#Translating Subtitles
Subtitle translation is different from book translation. The text must fit timing, reading speed, speaker changes, and formatting tags while still sounding natural.
#Before You Start
Use clean subtitle files when possible:
- Prefer SRT or VTT files with valid numbering and timestamps.
- Keep a backup of the original subtitle file.
- Check whether the file uses speaker labels, HTML-like tags, or positioning notes.
- Confirm source and target languages before translating.
#Step-by-Step Workflow
- Import the subtitle file.
- Translate a short sample first.
- Review timing-sensitive lines in the CAT Editor.
- Fix names, repeated phrases, and speaker references.
- Check tags and punctuation after editing.
- Export and play the subtitle file with the video before publishing.
#What To Watch For
Subtitle lines have less room than book paragraphs.
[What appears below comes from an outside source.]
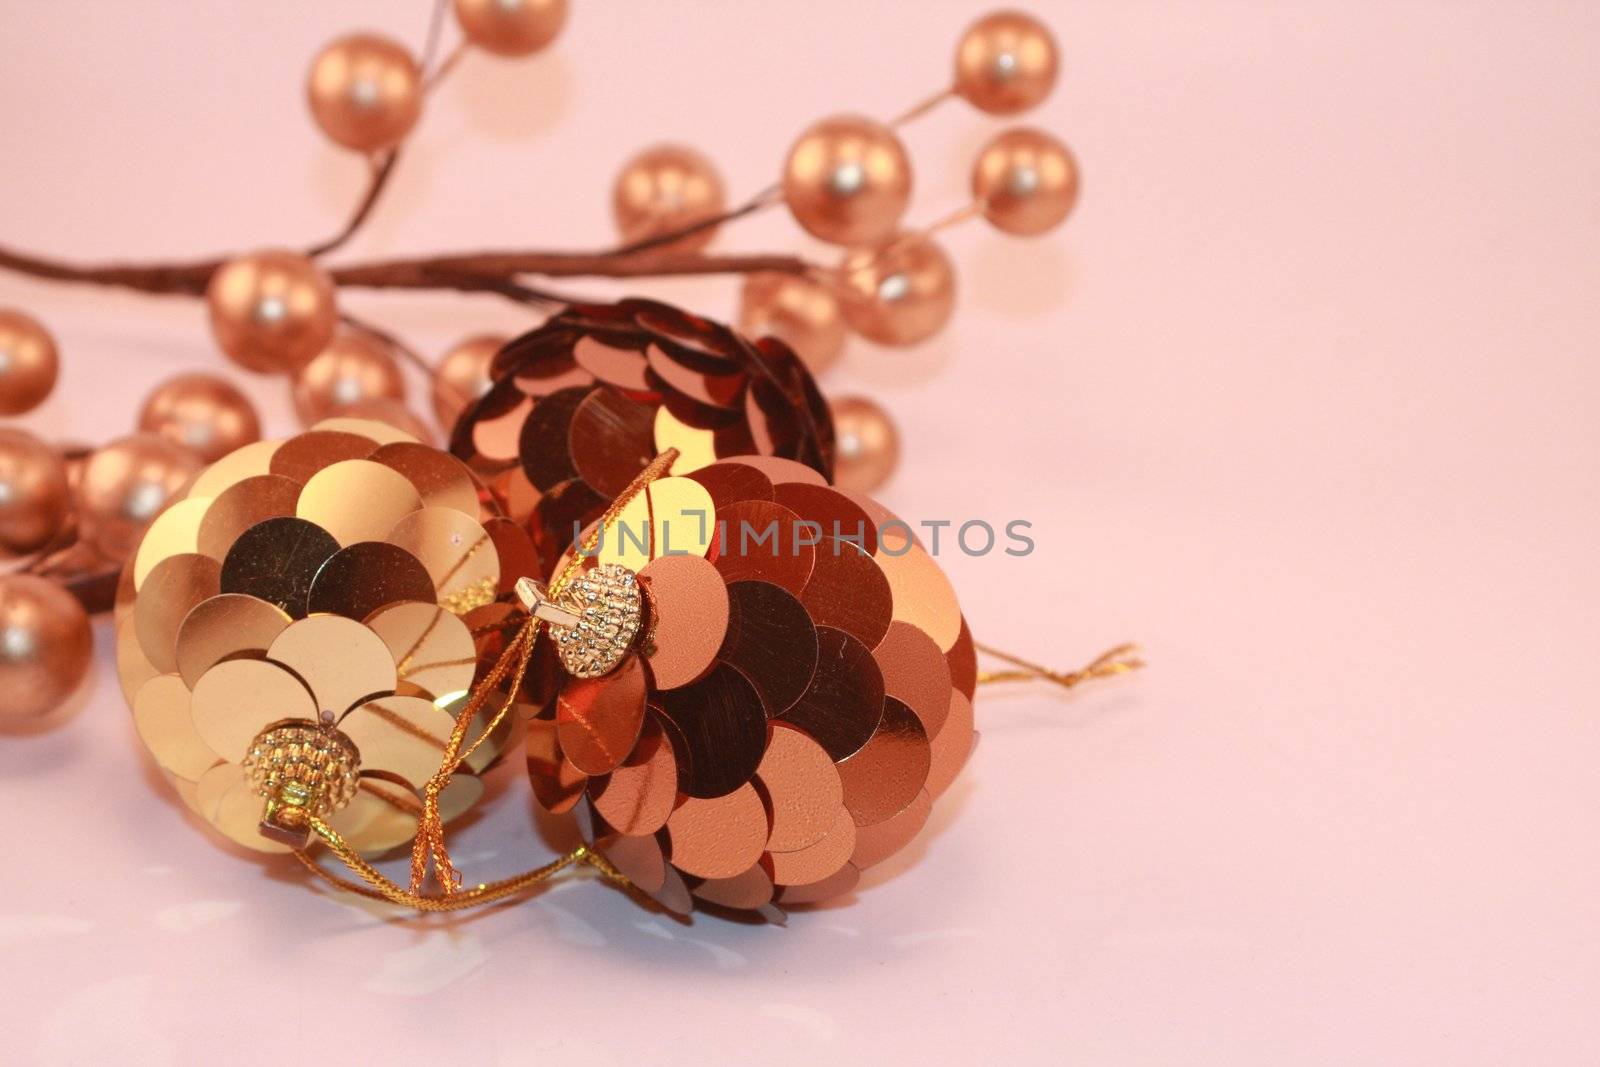 Metallic Gold and Bronze Christmas Ornaments with Berries by knktucker
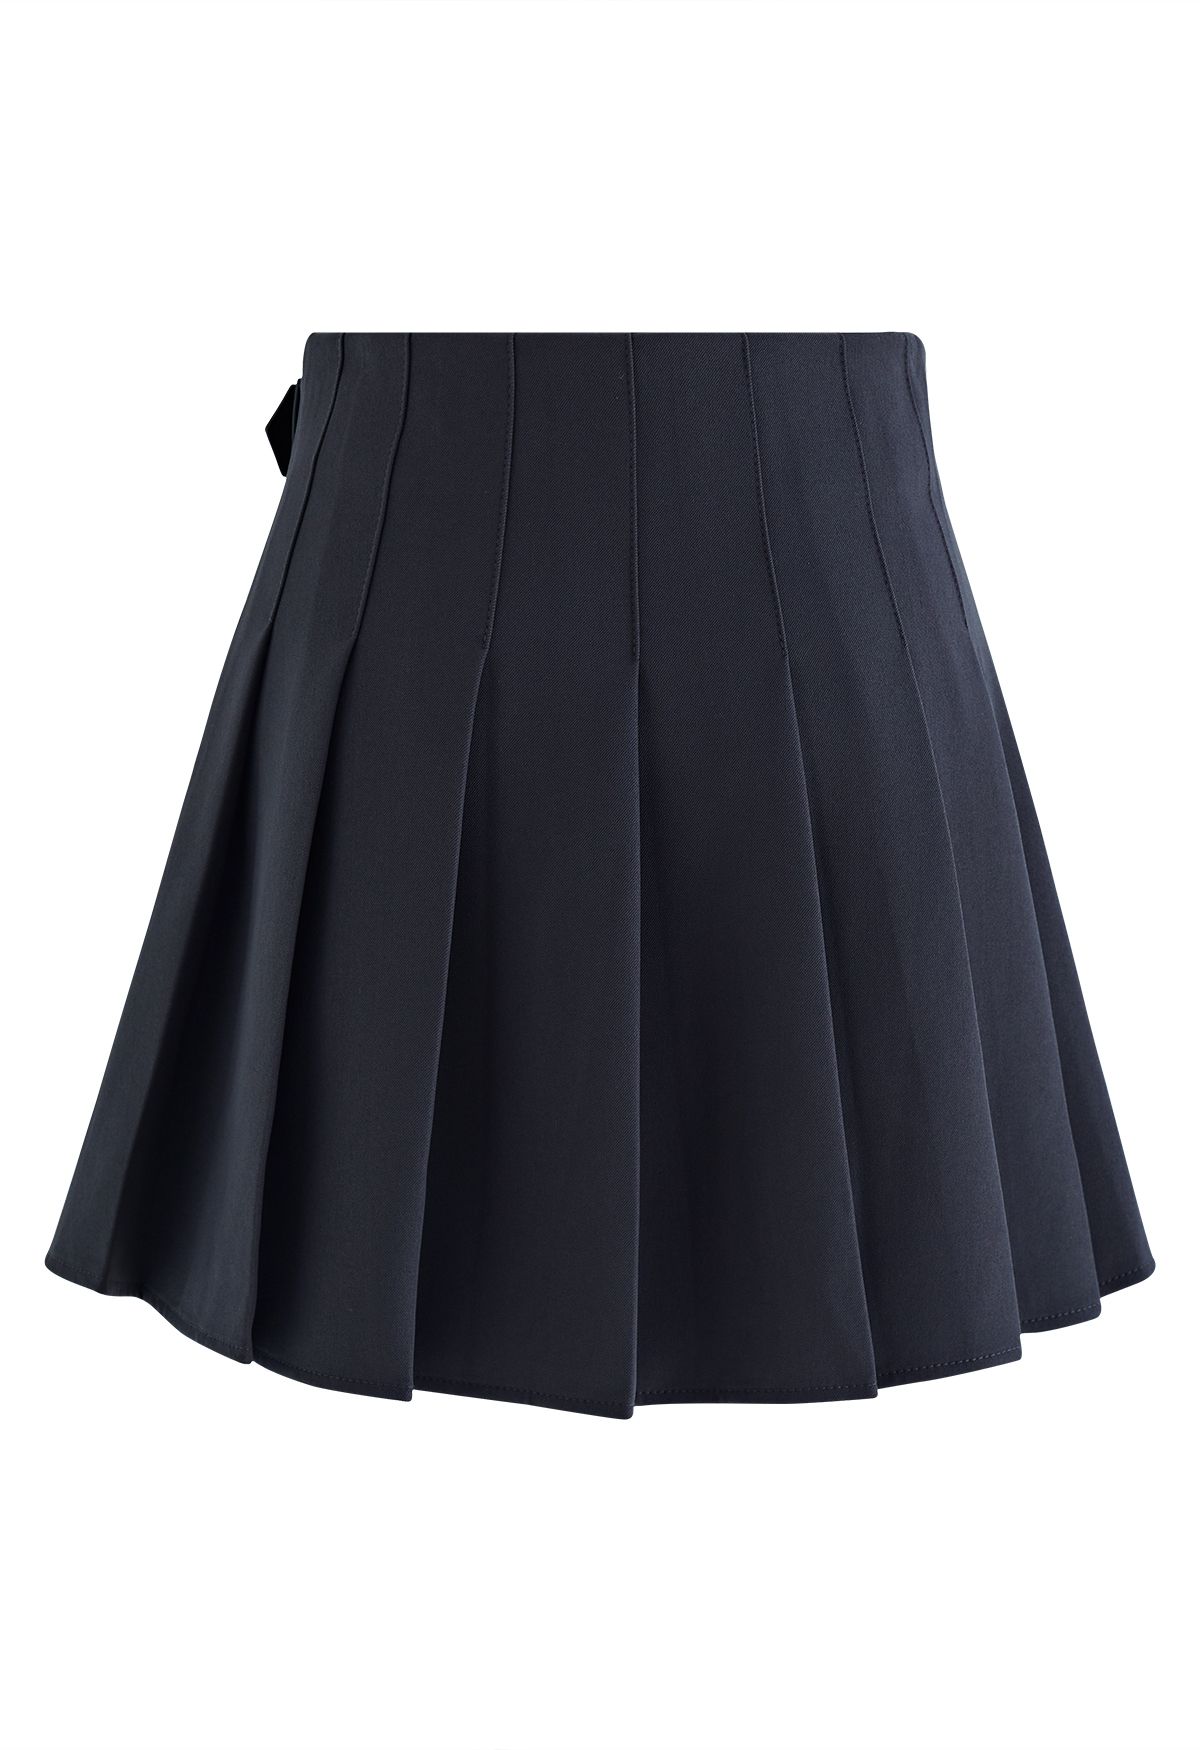 Belted Pleated Flare Mini Skirt in Smoke - Retro, Indie and Unique Fashion

A literal translation may be too long to read on screen.
During review, check:
- Lines that overflow or read too slowly.
- Dialogue that sounds unnatural when spoken.
- Split sentences that depend on the previous or next subtitle.
- Tags such as italics or positioning markers.
- Speaker labels and sound descriptions.
#Keeping Subtitle Tags Safe
If a line contains markup, preserve the tag structure unless you are sure it should change.
Example:
<i>I never said that.</i>
Keep the opening and closing tags around the translated text:
<i>Eu nunca disse isso.</i>
If tags are inconsistent after export, compare the affected line with the source subtitle and restore missing opening or closing tags.
#Video Workflow
CatScribe focuses on translating subtitle text. A practical video workflow is:
Create or obtain subtitles -> Translate subtitles -> Review timing and tags -> Export -> Test with video
If the video does not already have subtitles, create a subtitle file first using your preferred transcription tool, then import that file into CatScribe.